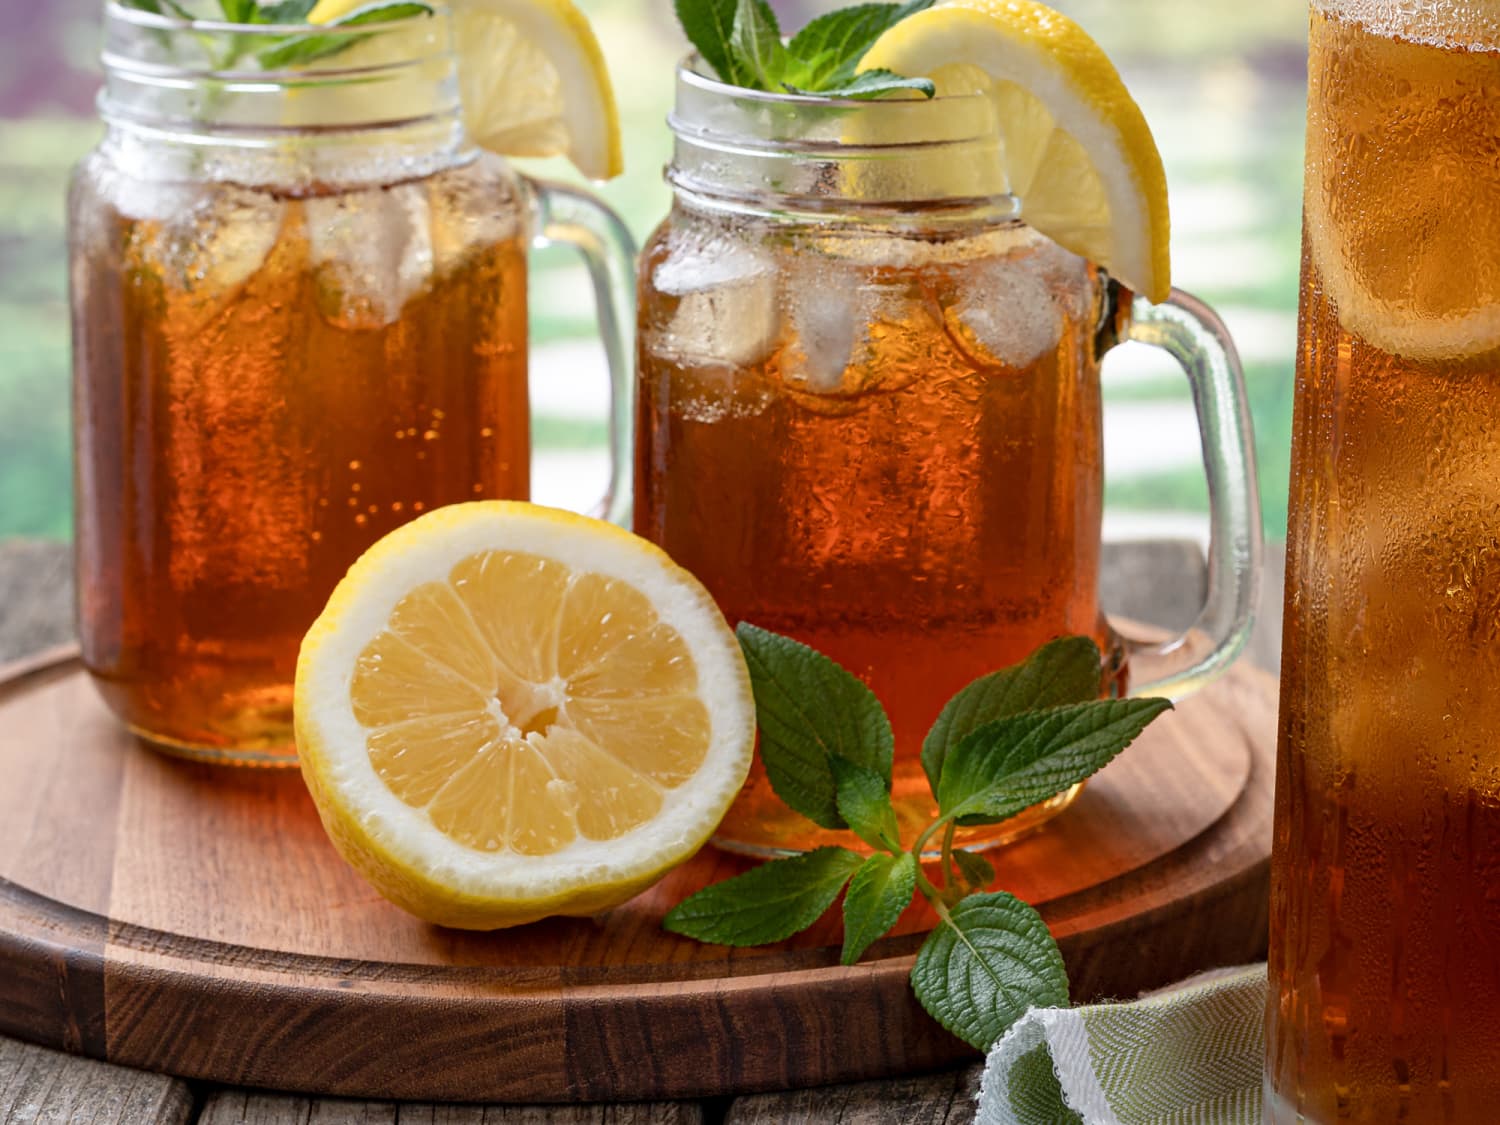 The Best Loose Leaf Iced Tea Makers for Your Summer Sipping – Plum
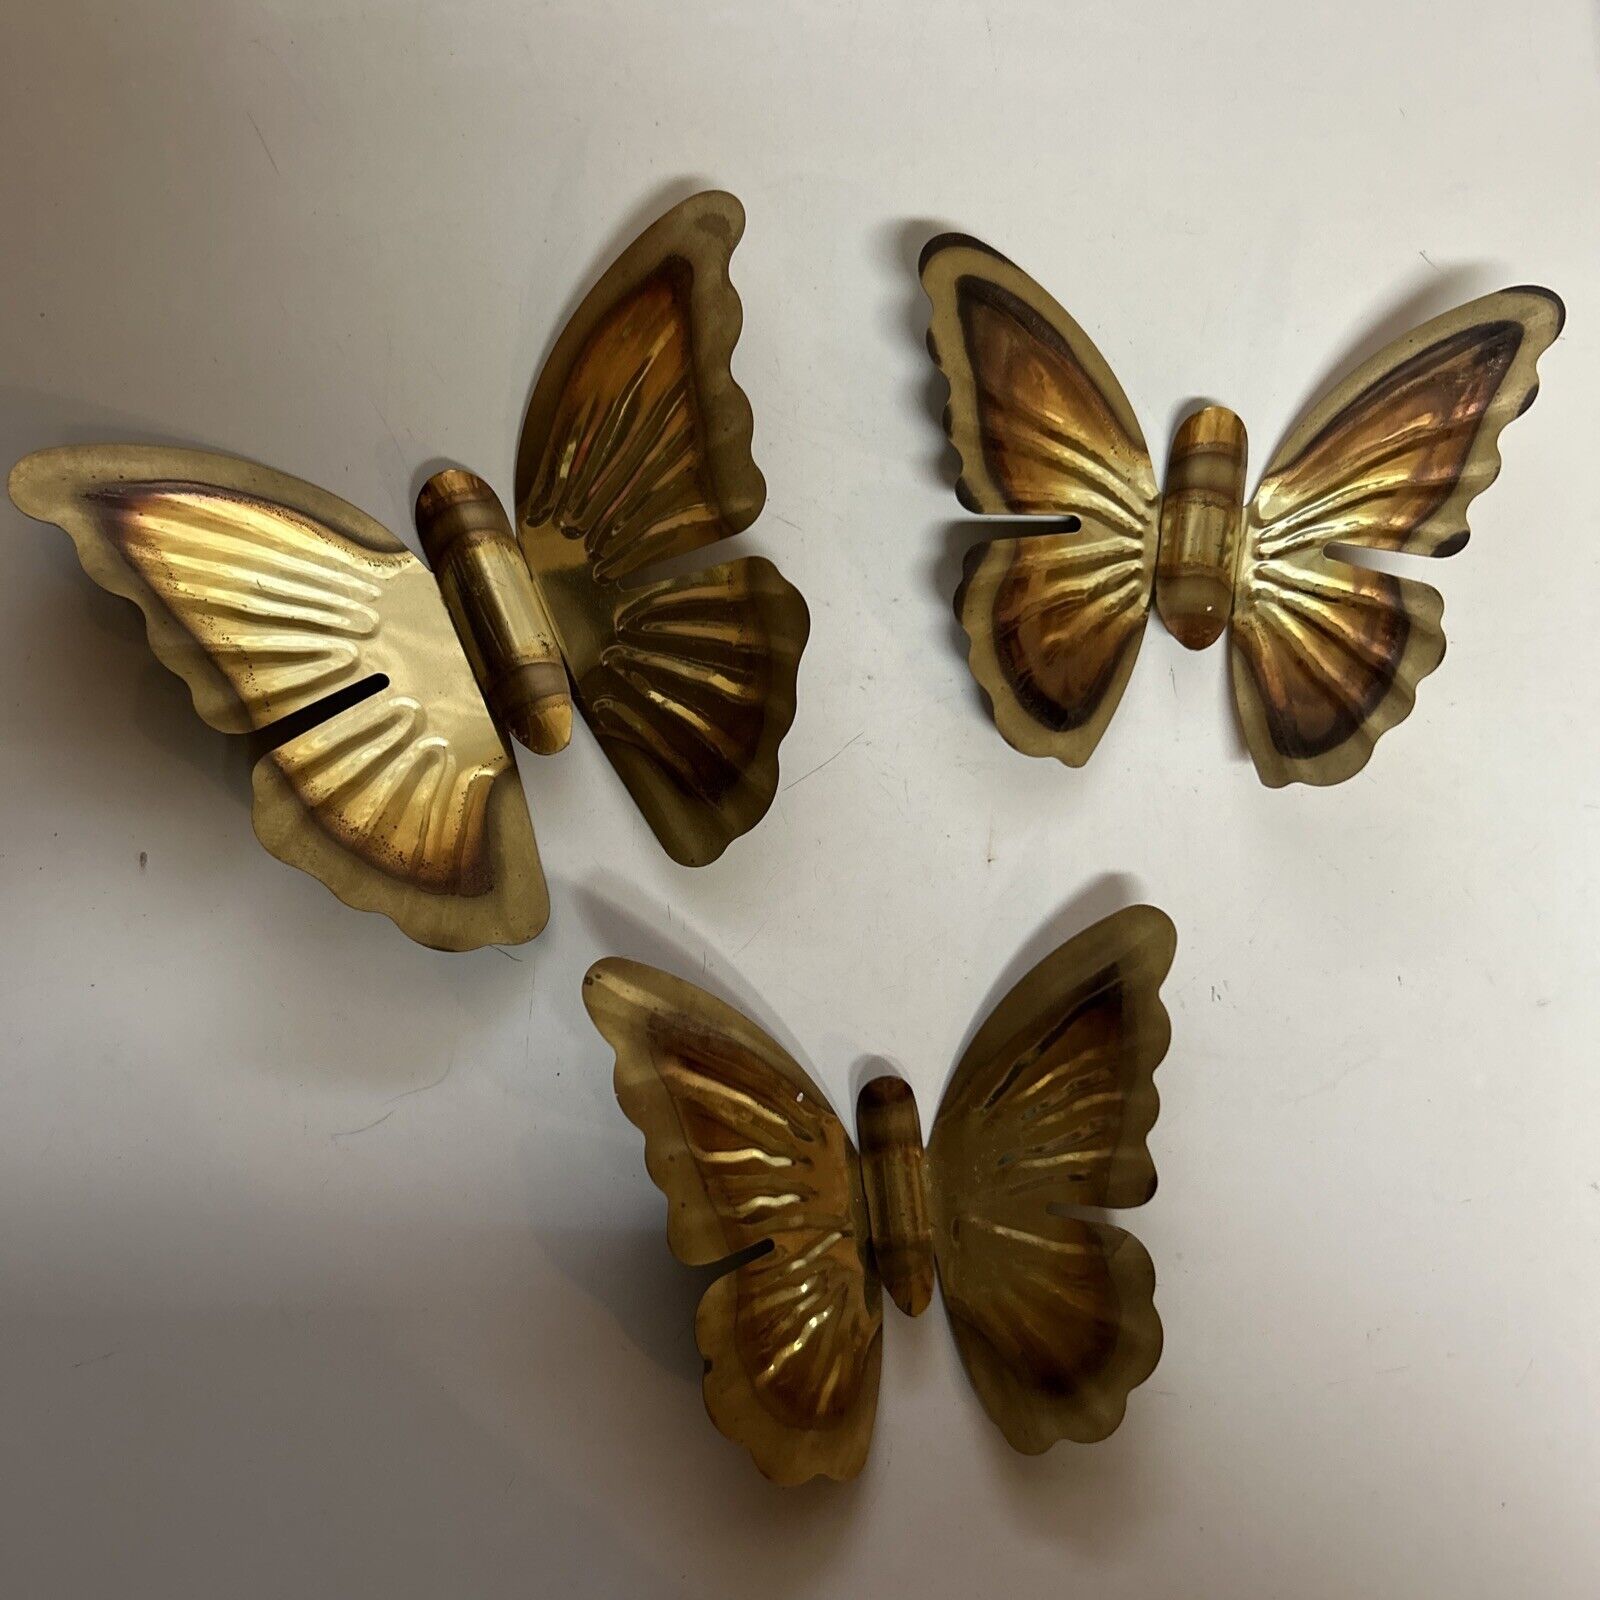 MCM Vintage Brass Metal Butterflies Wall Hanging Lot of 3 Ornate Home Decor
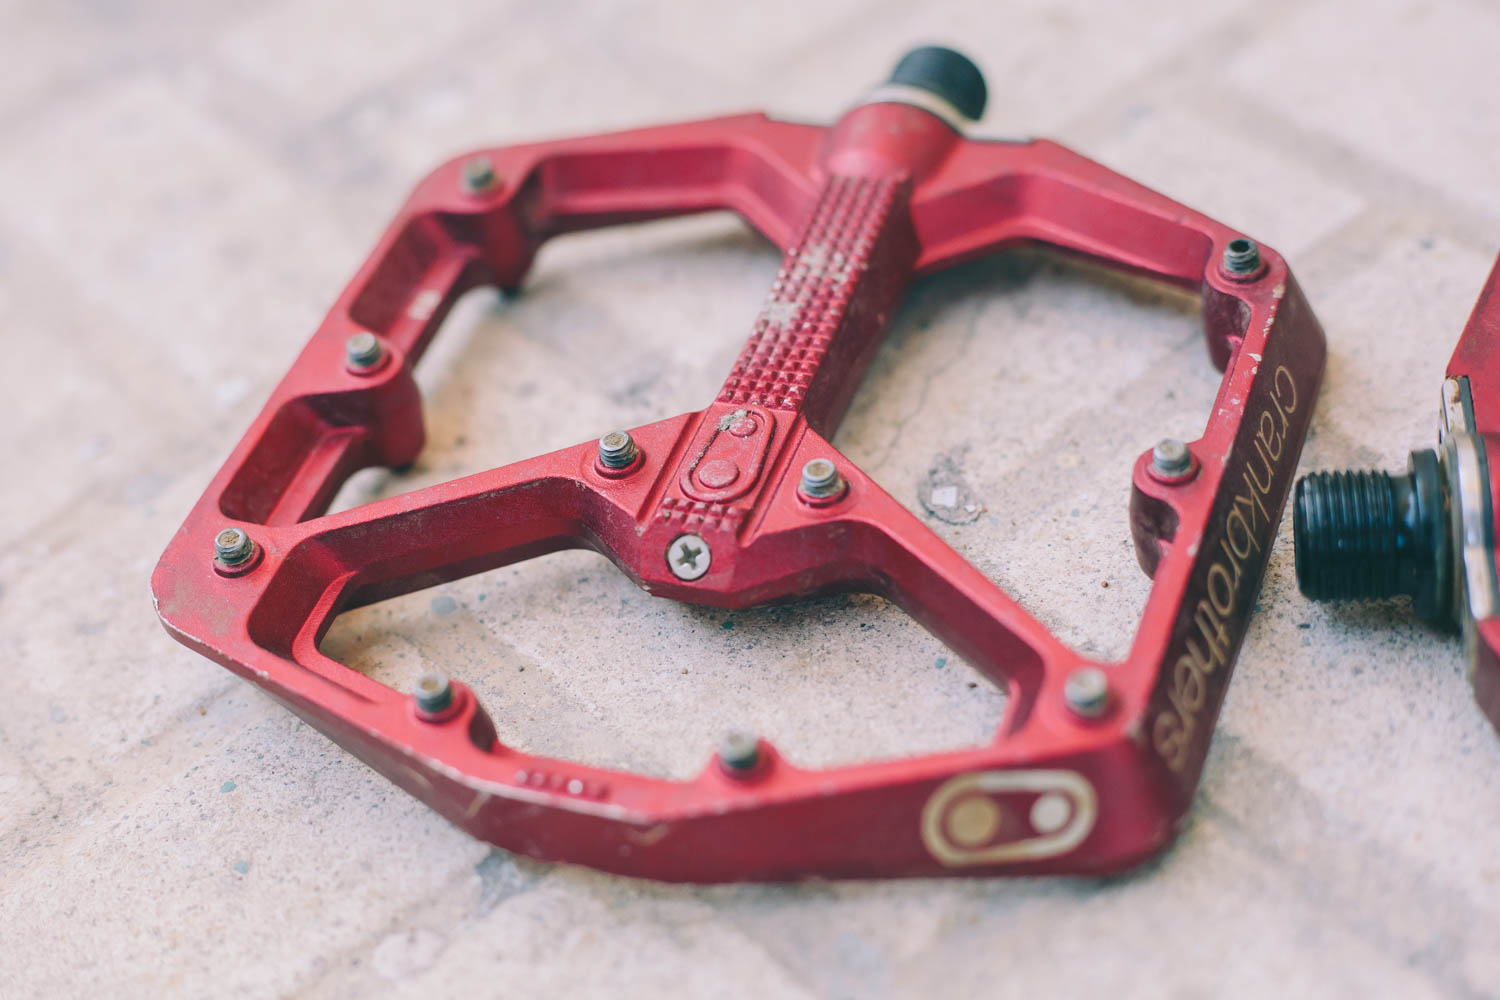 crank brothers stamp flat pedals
- - -
Copy out the listing above exactly, and keep the pictures out of it.

Reply to the exercise:
 The Best Loose Leaf Iced Tea Makers for Your Summer Sipping – Plum
 MCM Vintage Brass Metal Butterflies Wall Hanging Lot of 3 Ornate Home Decor
 crank brothers stamp flat pedals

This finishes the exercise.